Nicky: There are a few he's not produced, but he's always been involved somehow. He's very good at listening to us when we say we want to sound a certain way; he can translate that idea into an end product. This album is very much a team effort, a mixture of him, us, and our engineer in Cardiff, Loz Williams.

The studio has clearly been embraced on this album. Where the predecessor was raw, all sharp edges, this has a softer heart, and no little soul.
Nicky: It's a very different kind of record. Apart from the last track, Don't Be Evil, not much of it would be suitable for Albini - we'd have actually loved to have him on that, he'd have been perfect. James has always been obsessed with Tamla Motown, and some of that comes out naturally without any of us realising it, and Ian McCulloch's vocals lend themselves to this soulfulness. It's really a celebration of the album itself. It might be naïve and idealistic, but we still think the album is a cultural art form, and one that's been sadly diminished. It was the kitchen sink - we did think, "f*** it", and throw everything at this album. What did we have to lose? If we're going to go out, the dying of the light, let's go out raging.

Does it worry you that this album can be sliced up by digital sales, the listener only choosing to buy two or three tracks?
Sean: It's baffling, depressing. We feel really deeply dissatisfied. I've gone through technology over the last 20 years, I had an iPod at an early stage, so I saw what was going to happen. But there's no way you can stop it. Even now I feel dissatisfied when you download an album and you get a little picture of what the album cover might be. You wouldn't go into the supermarket and buy a picture of an apple. Then you think: what about books? When you download one of those, for whatever machine you have, you get the whole book. When you download an album, you don't. Why are we splitting albums up? Why can't we make people buy the full albums?

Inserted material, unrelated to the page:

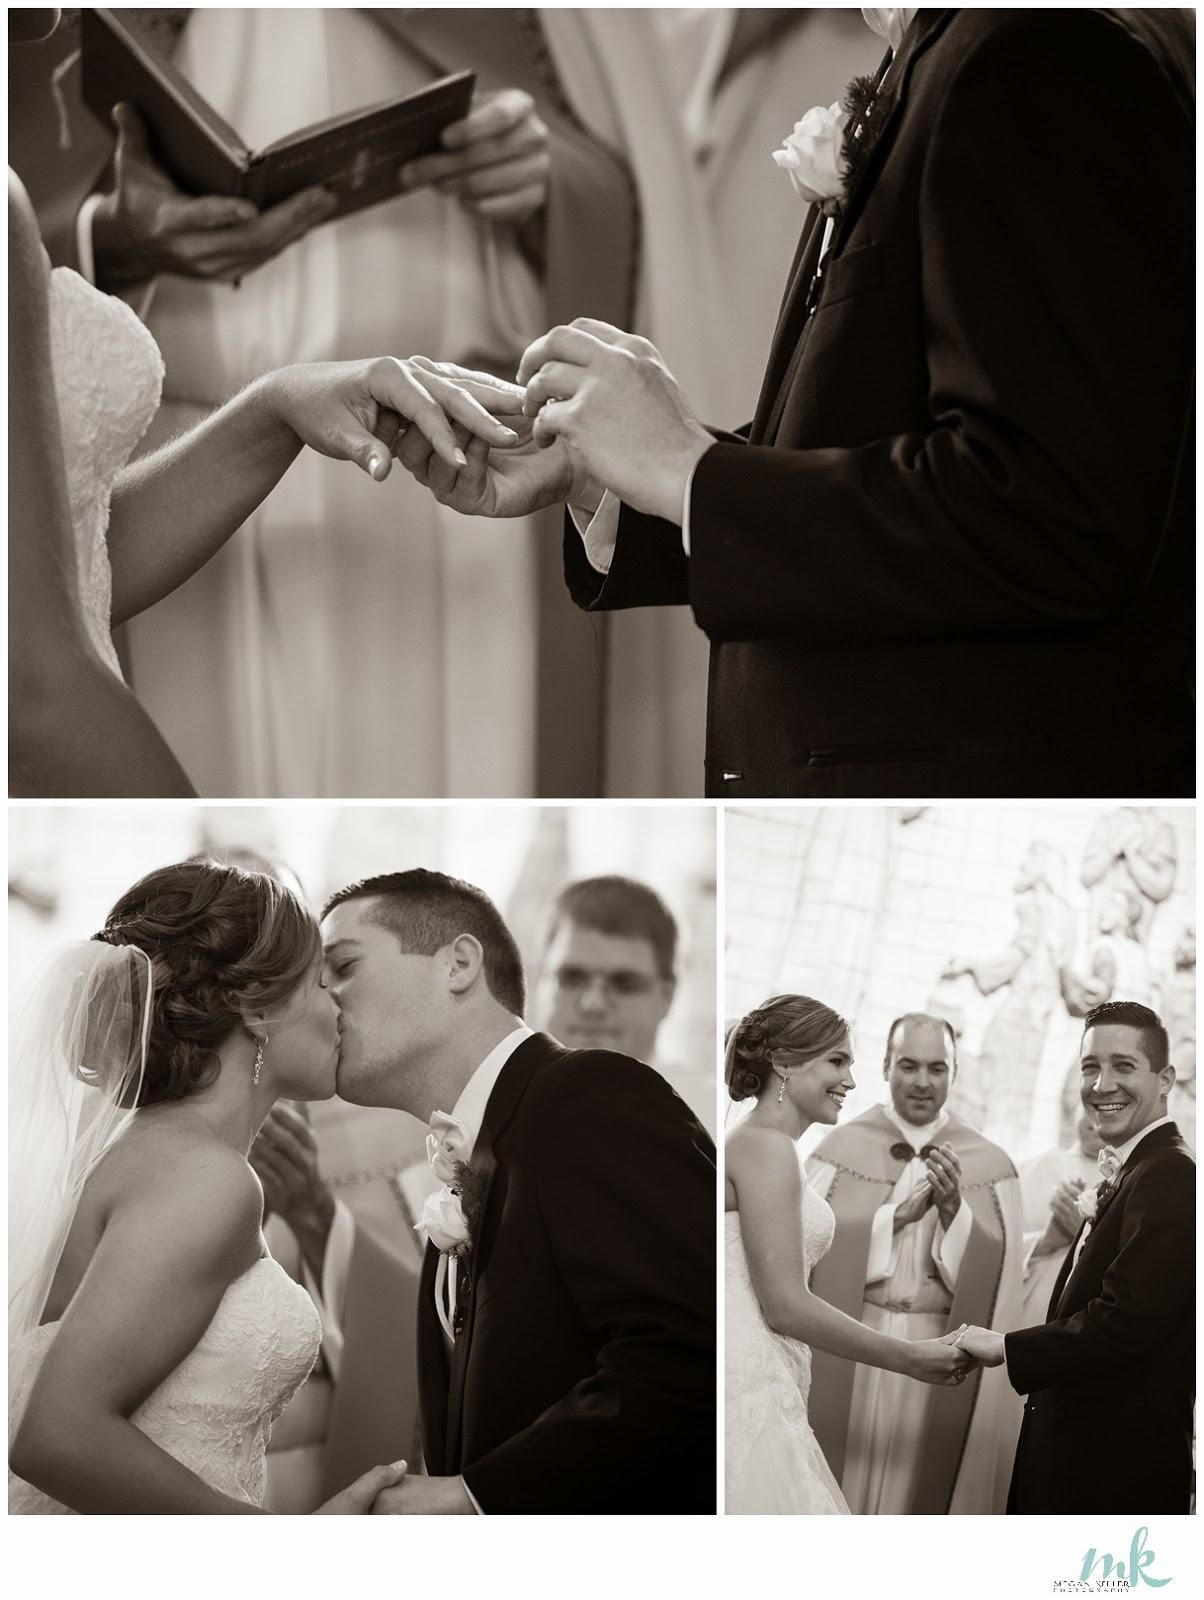 Danielle and Dan's wedding Danielle and Dan's wedding 2014 07 16 0005

Nicky: There's a brilliant book out by Nicolas Carr, called The Shallows, about how the internet is basically rewiring our brains in a medical, scientific way. It is changing our thought processes, and I suppose that's evolution. It's a new frontier, and seeing that coming perhaps we do think of this album as being our last chance to really go for it. We love the idea of one-off singles, and there are plenty of examples of great singles. Look at The Beatles, for instance. But we're too romantic, I think. It's been 20 years, us making music together, and we've known each other for 30. I don't think we could change how we do things. We'd die instead. Even the idea of physically releasing a single now seems weird to some labels. The music business is the only one where consumers today think they're entitled to something for free. It doesn't apply to food, or clothes; but they genuinely think music is for free. And then bands have to sell their songs to adverts to make money. We let the Welsh tourist board use Australia, but when we were offered quarter of a million for Design for Life, for a car advert, we turned it down.

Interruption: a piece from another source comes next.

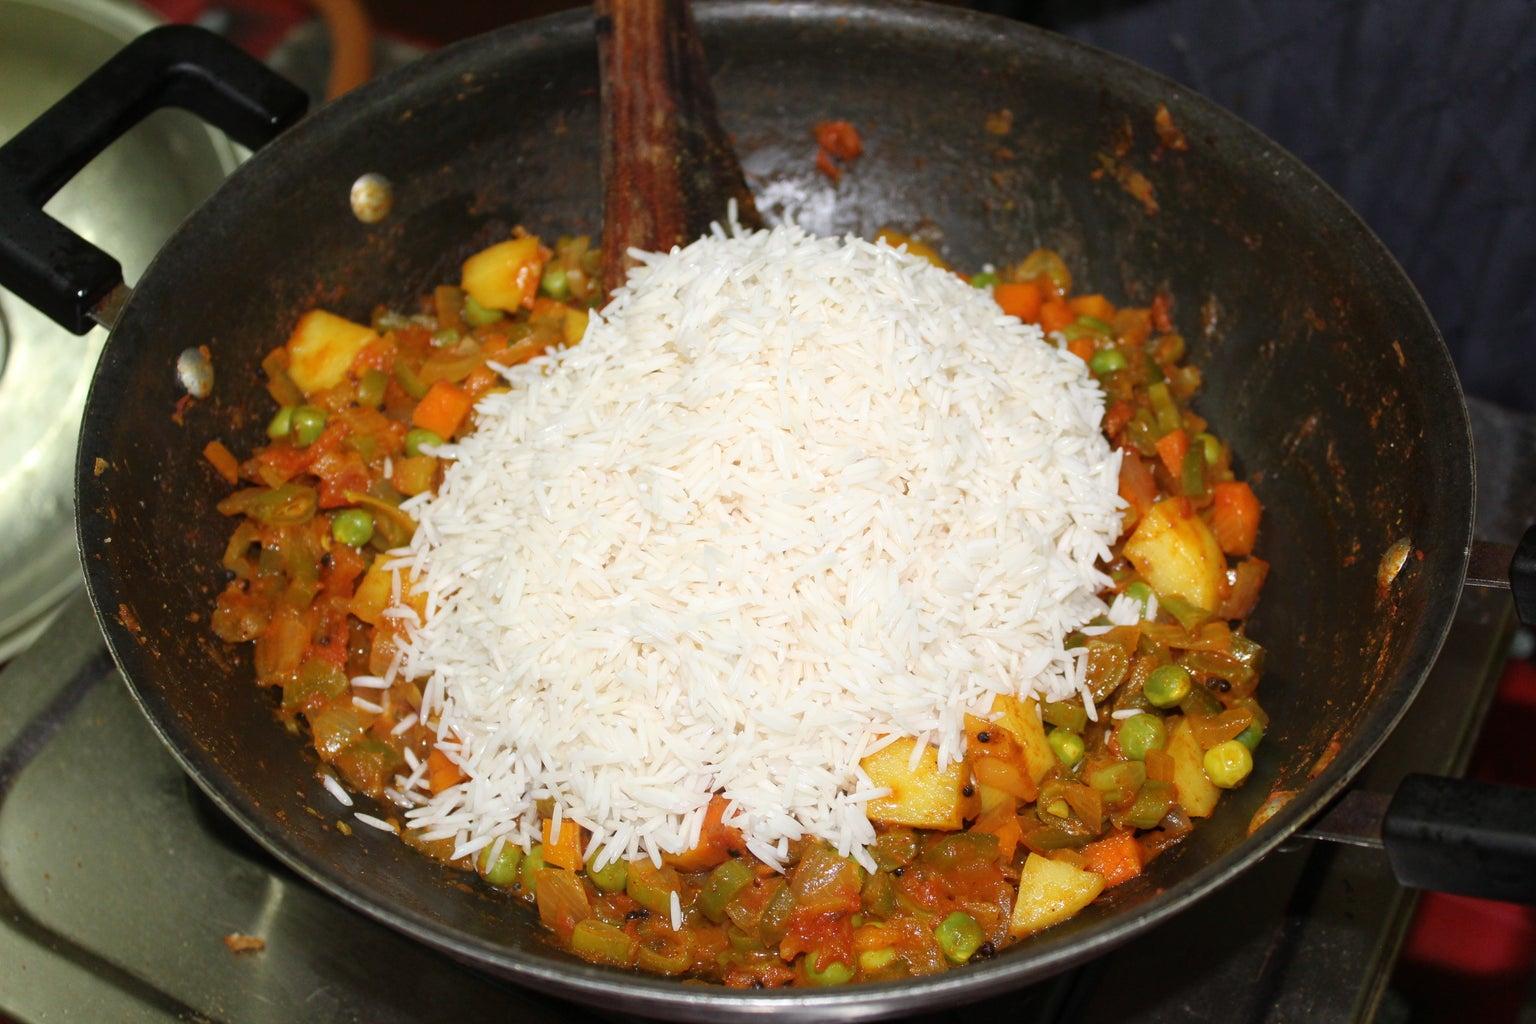 Add the Rice

Finally, what are your favourite albums of this year so far?
Nicky: I love the Mystery Jets album, especially the track Flash a Hungry Smile. It seems to have gone over the heads of a lot of people, which is really sad. I loved the Avi Buffalo record, and I really like Endless Boogie, which is just four blokes sounding like ZZ Top.
Sean: Well, a lot of what I have heard hasn't done it for me. I like the new Arcade Fire album.

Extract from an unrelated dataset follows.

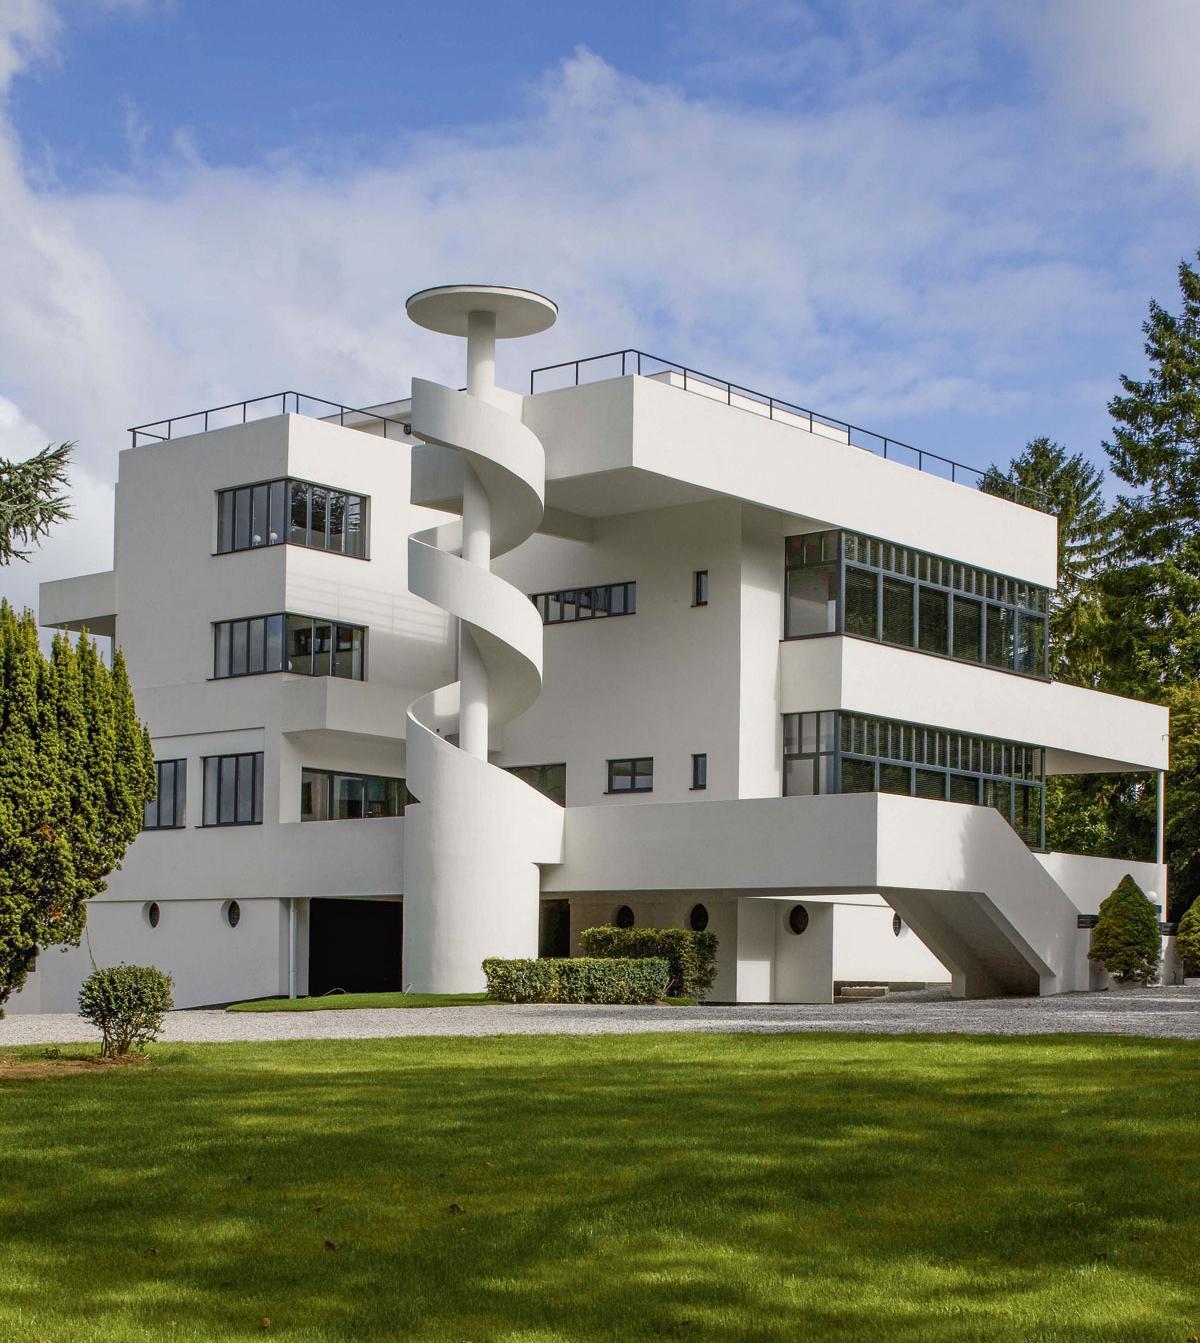 Villa Dirickx

Nicky: I'm always badgering him with new records.
Sean: I have to load up his iPod.
Nicky: I tried to get into the Ariel Pink record. It has some great songs on it, but overall it's perhaps a little too saccharine, West Coast-vibed. But I buy tons and tons of records, constantly. Even if I don't like something, I want to try to suss it out. And I like the Foals record, too, especially that single, This Orient. I think that's a genius song.